昔昔闻言,神色一惊,难掩惊然,檀口微张,无声翕动几下,只听男人又道,
“九琉冠,是亲王所戴。黄泉水深,水深者,乃湛也。”
荀澈搂紧怀中的女孩,薄唇冷冷一嗤,大胆意测出来云太傅的意思,
“昔昔说,云太傅暗指荀湛什么,望乡台在醴都的桐山,是当年稷太子住的地方。”
“还是说,荀湛和稷太子有什么关系?亦或者说,当年父皇从醴都带出来的德太妃,和稷太子又有什么关系?”
女孩听言不由低呼,清眸圆怔,玉手攥紧男人的手臂,轻晃两下衣袖,
“澈哥哥,这想法太过离奇。
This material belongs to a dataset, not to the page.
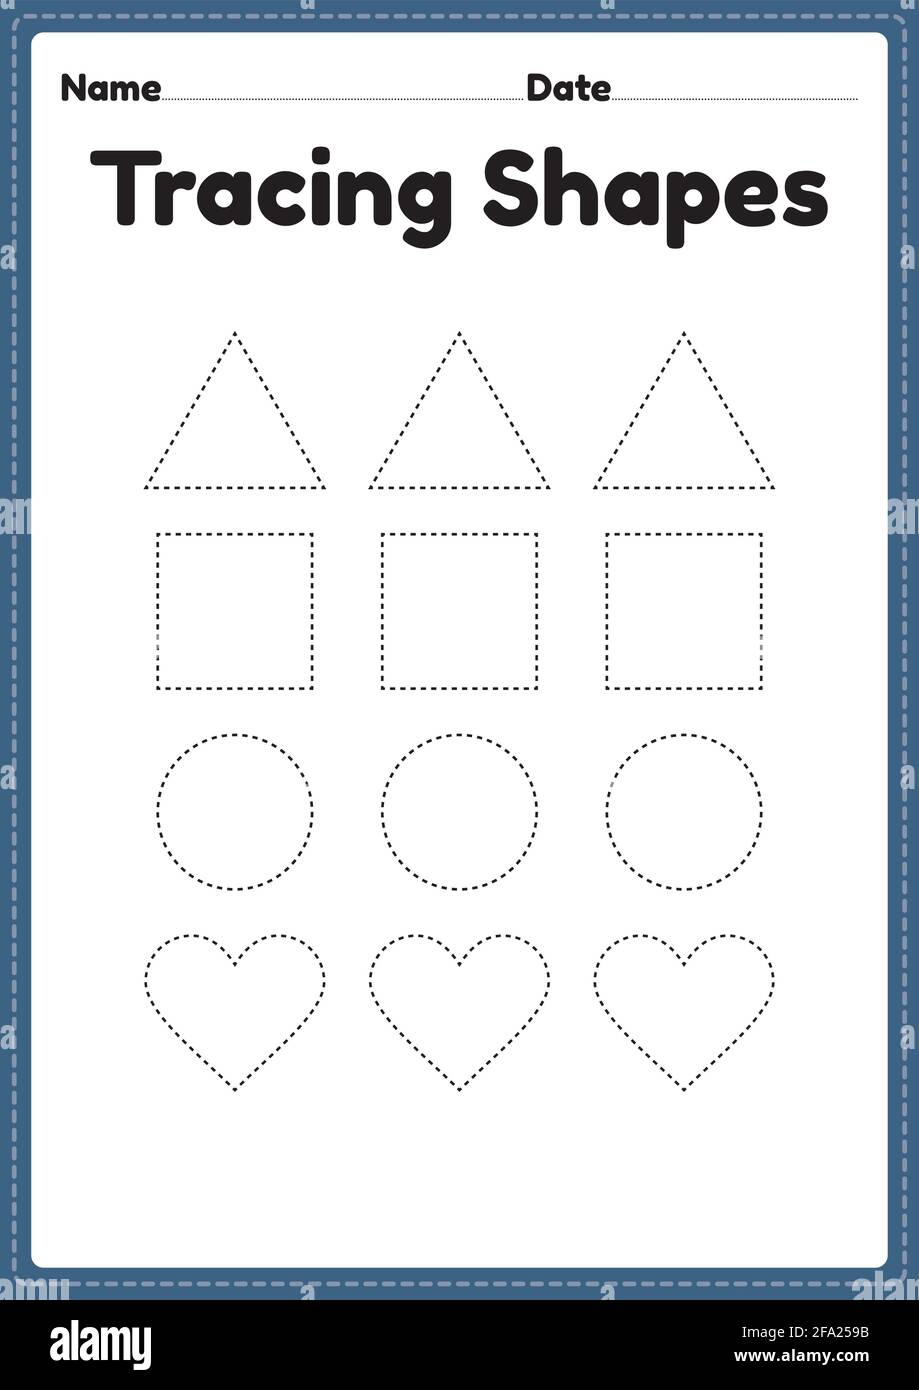 Tracing shapes worksheet for kindergarten and preschool kids for ...

德太妃怎么会是被舅舅从醴都带过来的,她不是沣南陇家的女儿吗?”
荀澈挑了两下长眉,薄唇笑意意味悠长,似乎碰到什么新奇的东西,
“离奇不离奇朕也不知道,但是朕知道,事情比朕想的有趣多了。澈哥哥猜事情,都是剑走偏锋多些。”
“看我猜得对不对,滴血认亲不就知道了吗?德太妃何时跟娘家人来往过,荀湛何时近过陇家?”
女孩听完男人的话,沉默摇头,她突然觉得,也许前朝的水比他们想象还要深。
女孩脑袋埋进男人的脖颈,柔躯紧紧贴住男人的胸膛,
“澈哥哥,既然云太傅的诗知道了意思,我们该用膳了……”语气颇为犹疑,微顿了一下,“一会儿不要嫌弃…”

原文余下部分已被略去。